_Exercise requirements_
Pictures are not part of the copy; reproduce the remaining data exactly.

_Data below_
======

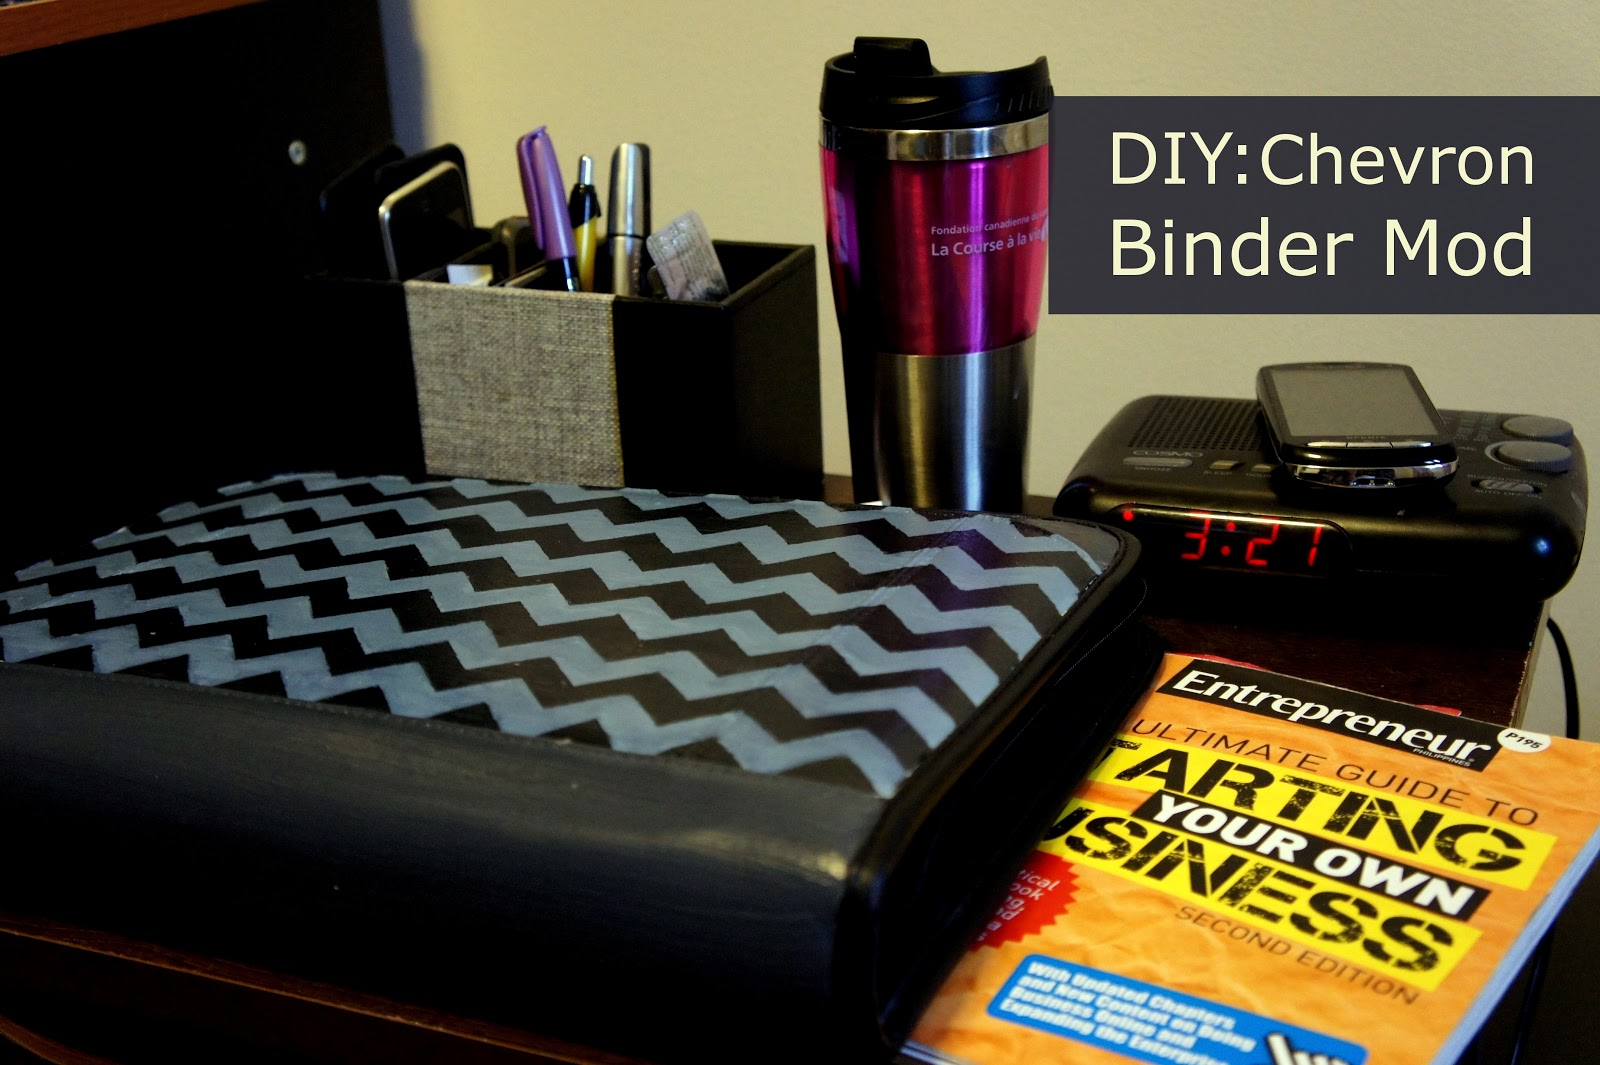 DIY: Chevron Binder
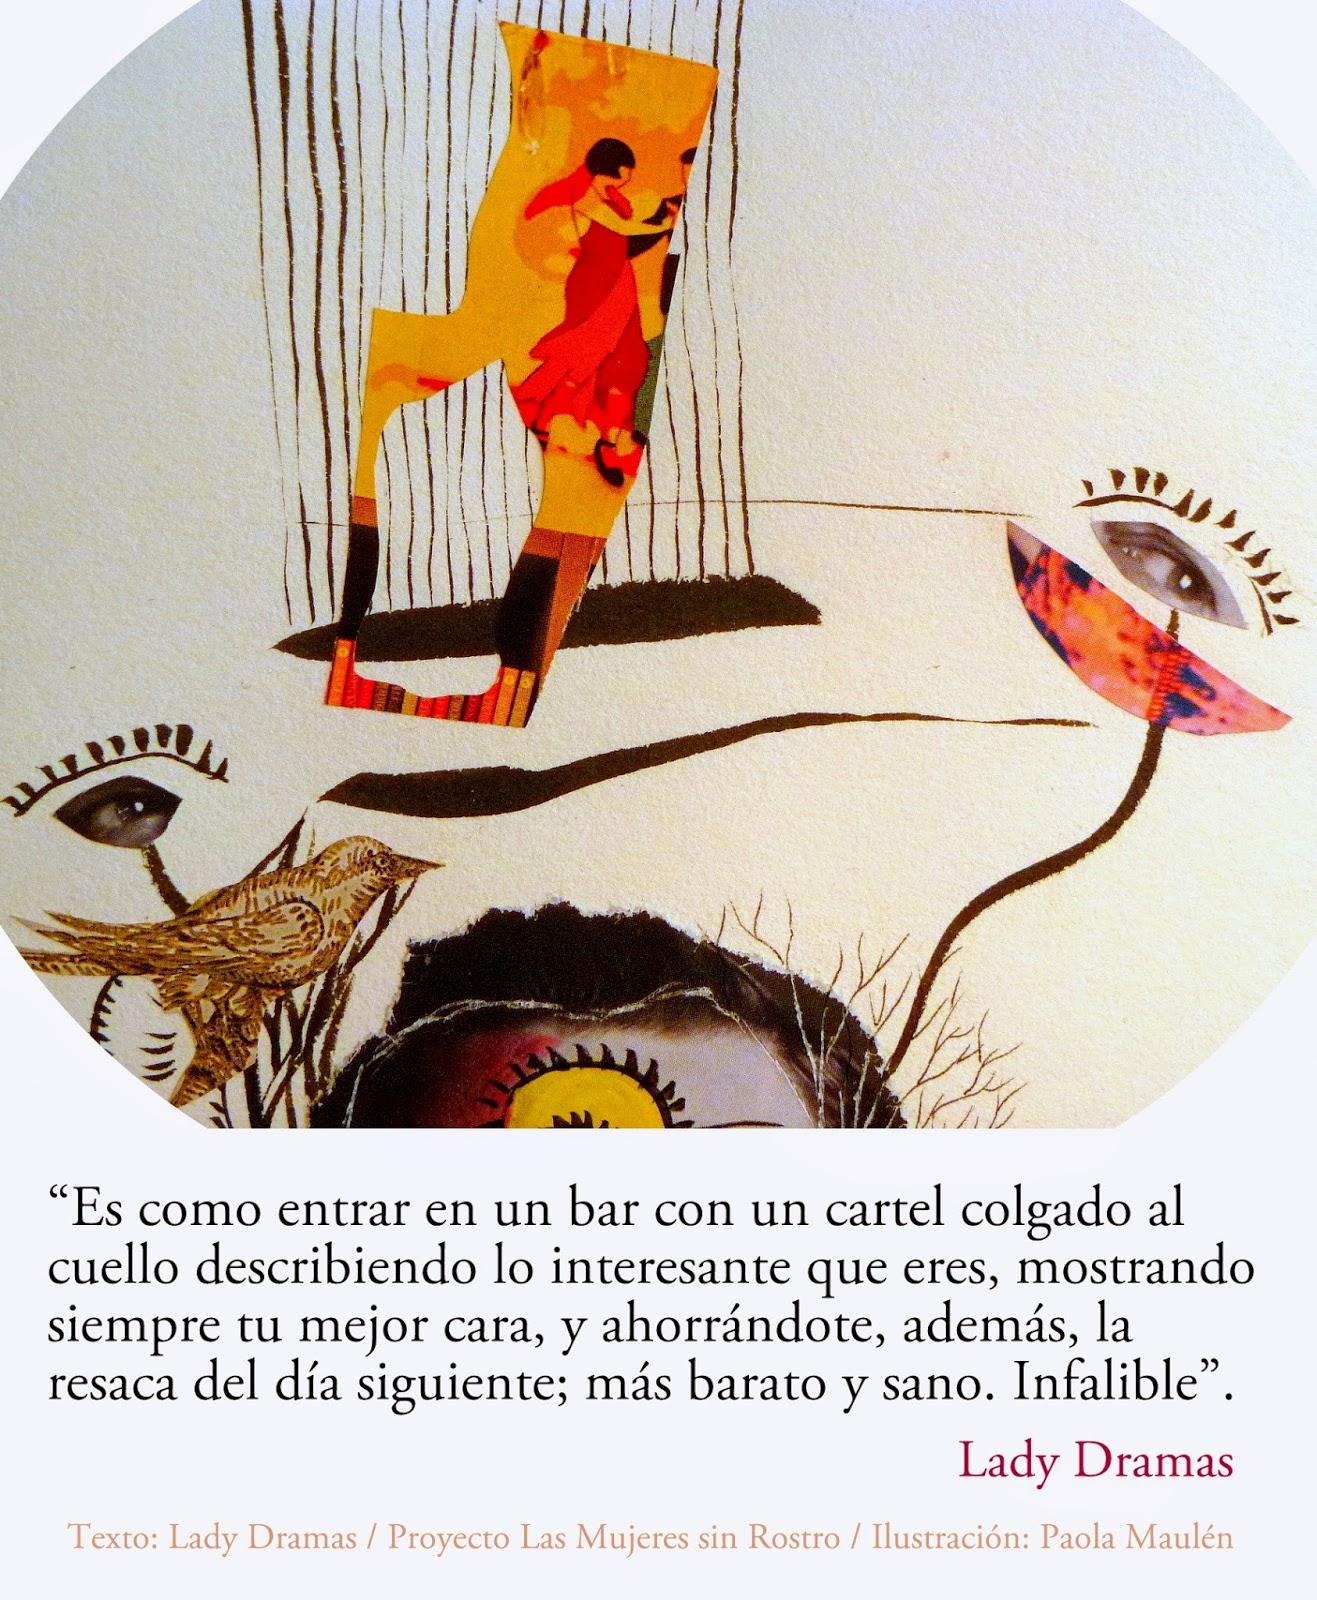 http://lasmujeressinrostro.blogspot.de/p/blog-page_13.html
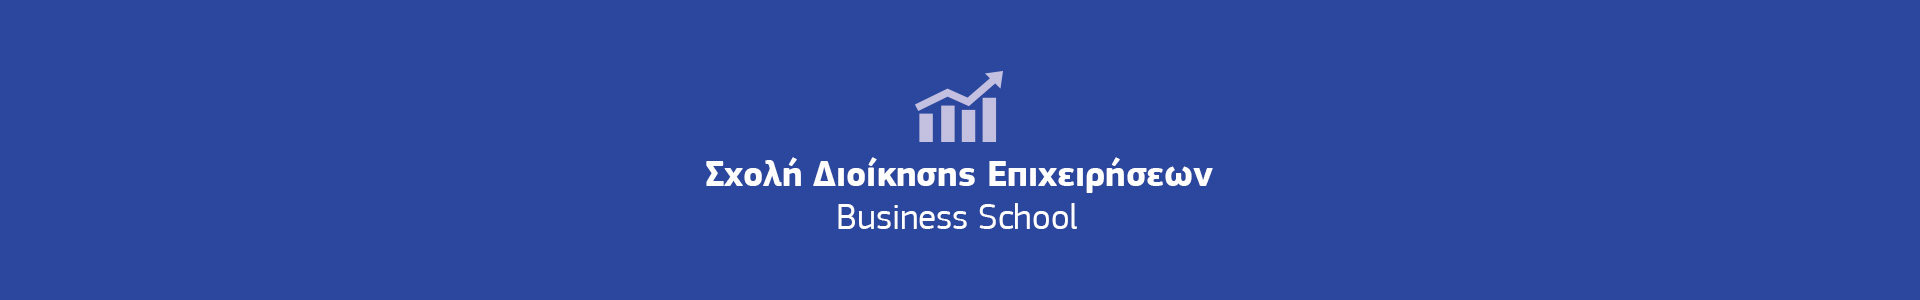 1920x300_business-school

======

_Result of this task_
 DIY: Chevron Binder
 http://lasmujeressinrostro.blogspot.de/p/blog-page_13.html
 1920x300_business-school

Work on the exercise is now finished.